What it means to create an accessible report

According to the Centers for Disease Control and Prevention, 28.7% of Americans live with some type of disability — including 5.5% living with blindness or low or limited vision. To use the internet, these individuals may need assistive technology, like a screen reader, or rely on a keyboard to navigate a website. While these assistive technologies are a considerable help for low or limited vision-users, they’re not always perfect.
Web design elements can often, inadvertently, make it even more difficult for these users to properly understand a webpage or other web-hosted content. Features that can get in the way of assistive technology’s functionality include:
- Colors too close in contrast for screen readers to differentiate.
- No ability to use a tab function on a keyboard to navigate through a website.
- Hidden content in features such as a dropdown menu.
Accessible design attempts to address these barriers, allowing users of all abilities to interact with and understand digital content. It’s also a requirement of organizations according to the Americans With Disabilities Act (ADA). Signed into law in 1990, the ADA prohibits discrimination against people with disabilities in everyday activities. The law has since been expanded and updated with design-specific guidelines, including the most recent 2010 ADA Standards for Accessible Design.
For these reasons and more, accessibility is essential in product design and development, but it doesn’t happen by default. When tackling an annual, sustainability, ESG or DEI report, we’re working with complex material. Our goal is to create a clear, compelling and digestible format for this content, including for blind, low- and limited-vision users. Here’s a look at what goes into developing an ADA-compliant report.
Collaborating to ensure accessibility
ADA-compliant design includes consideration of color choice, chart labels, alternative text for charts or images and tagging to distinguish content hierarchy of a report. Depending on the project, CRI designers follow PDF/UA standards or Web Content Accessibility Guidelines (WCAG).
Art directors start by determining if a client’s brand standards are ADA compliant and suggest any changes if needed. Throughout the design process, our designers use colors with high contrast ratios. They also focus on font style and size that make content easy-to-read and use consistent styles to distinguish headers, subheaders and body copy.
If a project has a web component, our interactive designers then follow WCAG to add necessary tags or coding. These include adding labels or descriptions to certain features or images. It also involves adding attributes to code that establish a logical content hierarchy that enables users to navigate through a website using a keyboard.
When a project is limited to a PDF, these responsibilities fall to our production designers. Using PDF/UA standards, they tag content to provide a logical hierarchy for each page of a report. Our content strategists supply alt text for charts and images, providing thorough image descriptions that can be read aloud by screen readers.
Adapting to best practice and client needs
As design norms shift, we also keep up with accessibility best practices. Our designers and developers have completed training through Deque University and LinkedIn Learning and use resources such as axe DevTools, MagentaA11y, and insights from Perkins School for the Blind to verify accessibility. This commitment to continual learning has helped us evolve core report design elements, including creating clear labels for charts that aren’t solely reliant on a color key.
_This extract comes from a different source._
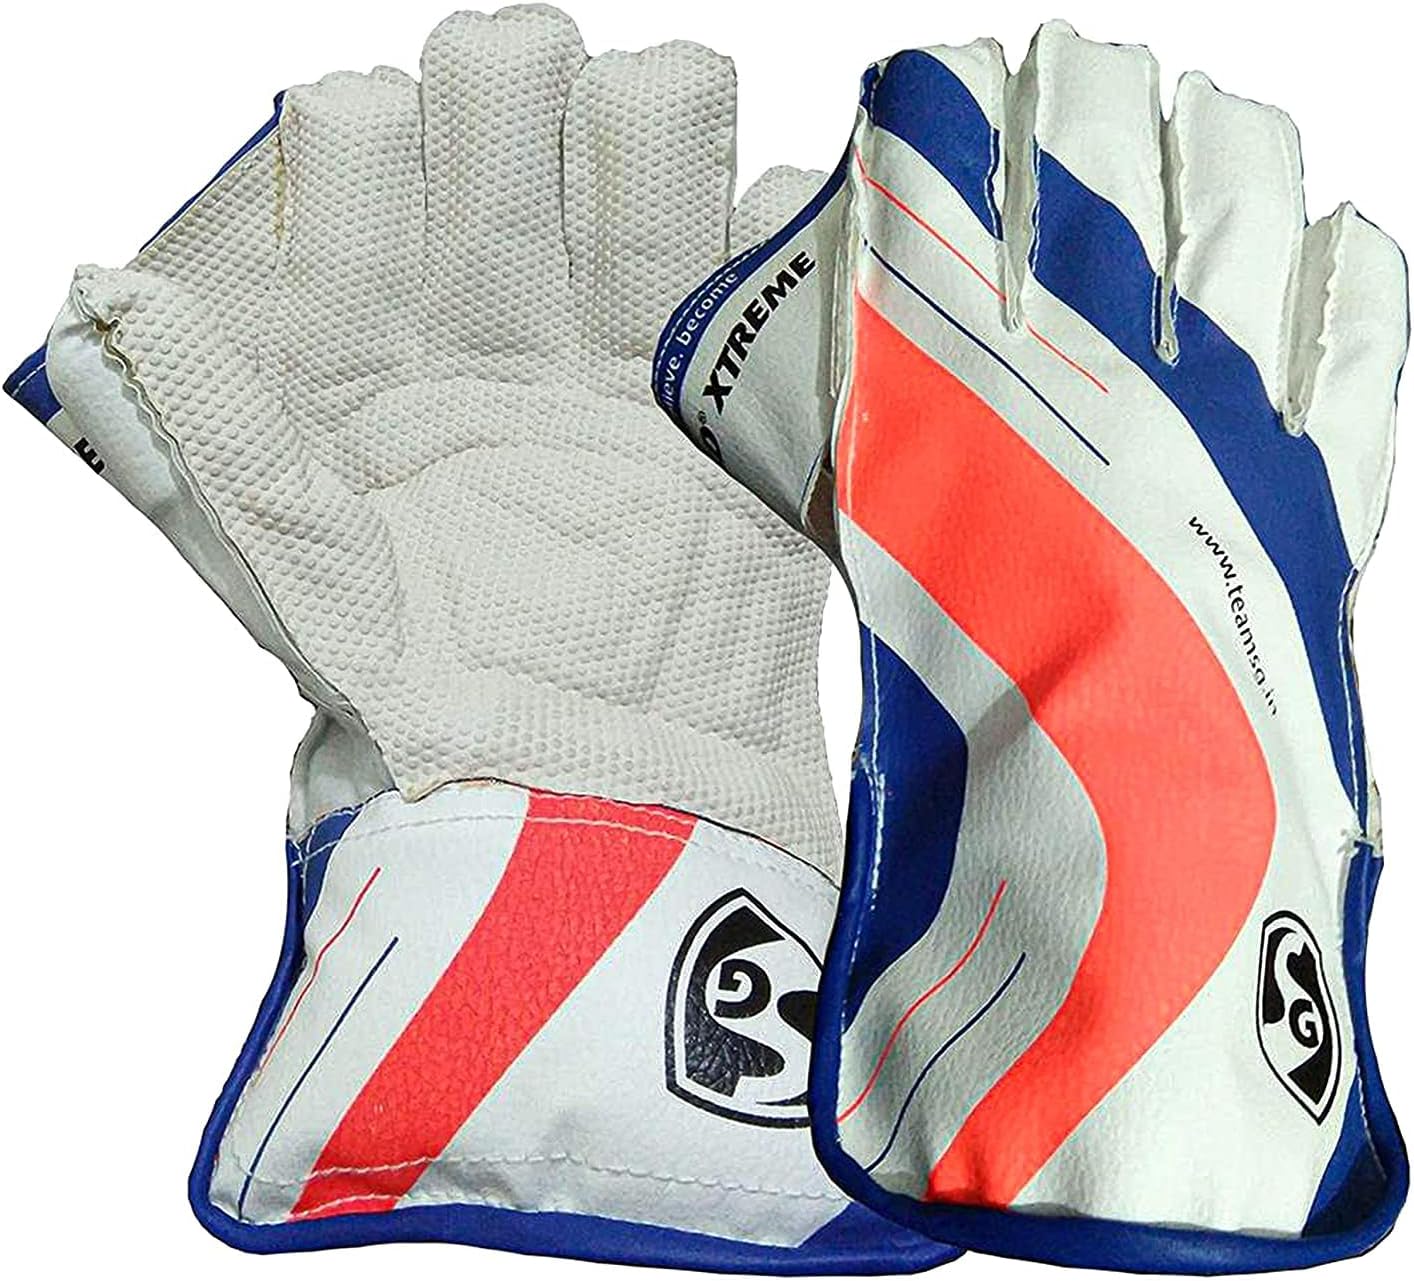 SG RSD Xtreme Wicket Keeping Gloves, Small Junior (Colour May Vary)

We also find ways to maintain a client’s desired design concept while remaining ADA-compliant. For instance, a web-based report we produced contained a horizontal scroll in the initial design. Users who needed to zoom in on pages to read text could miss content with this style, which also can cause issues with certain assistive technologies. To address this, we designed the page to contain a horizontal scroll to reveal new sections, but then resumed a vertical scroll throughout the rest of each section’s content.

The benefits of ADA compliance
In addition to protection from legal risks, ADA compliance is a tangible way for an organization to demonstrate its commitment to inclusivity. And, it can have business benefits. A 2022 survey from CapTech found that 51% of consumers would be willing to spend more to purchase from a company committed to digital accessibility. Web accessibility also helps improve a site’s search engine optimization and reach.
ADA compliance is a necessary part of any robust reporting process. It also makes for better design and a better user experience. When we make content more accessible for all users, we make it more understandable. At a time when stakeholders are looking for greater transparency and clarity in ESG reporting, designing for accessibility is a great way to ensure your message reaches as many readers as possible.